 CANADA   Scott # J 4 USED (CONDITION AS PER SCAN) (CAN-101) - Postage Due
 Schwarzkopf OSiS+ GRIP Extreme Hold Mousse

---

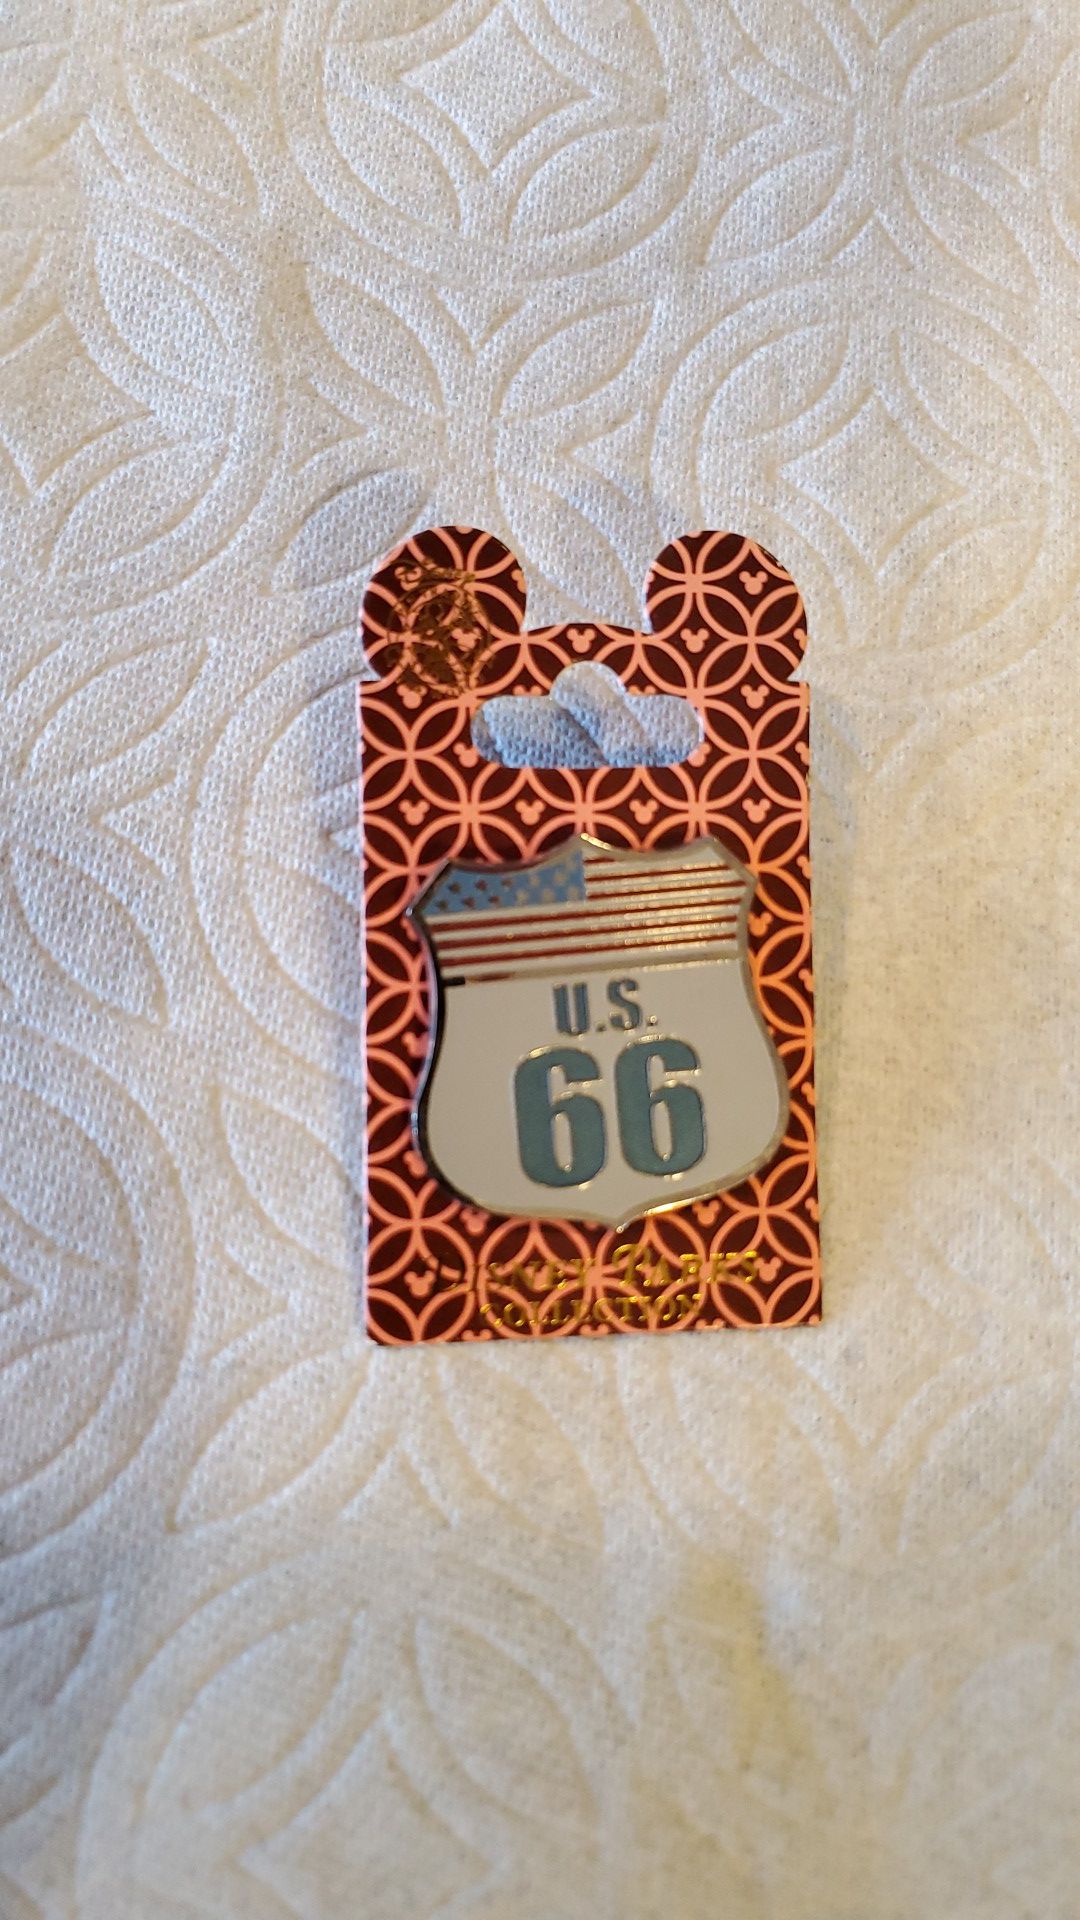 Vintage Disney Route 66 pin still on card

■ Exercise objective ■
Return the span of lines in the data above that opens at the line with "- Postage Due" and closes at the line with "Schwarzkopf OSiS+ GRIP Extreme Hold Mousse", exactly, ends included, nothing else.

■ Exercise answer ■
 CANADA   Scott # J 4 USED (CONDITION AS PER SCAN) (CAN-101) - Postage Due
 Schwarzkopf OSiS+ GRIP Extreme Hold Mousse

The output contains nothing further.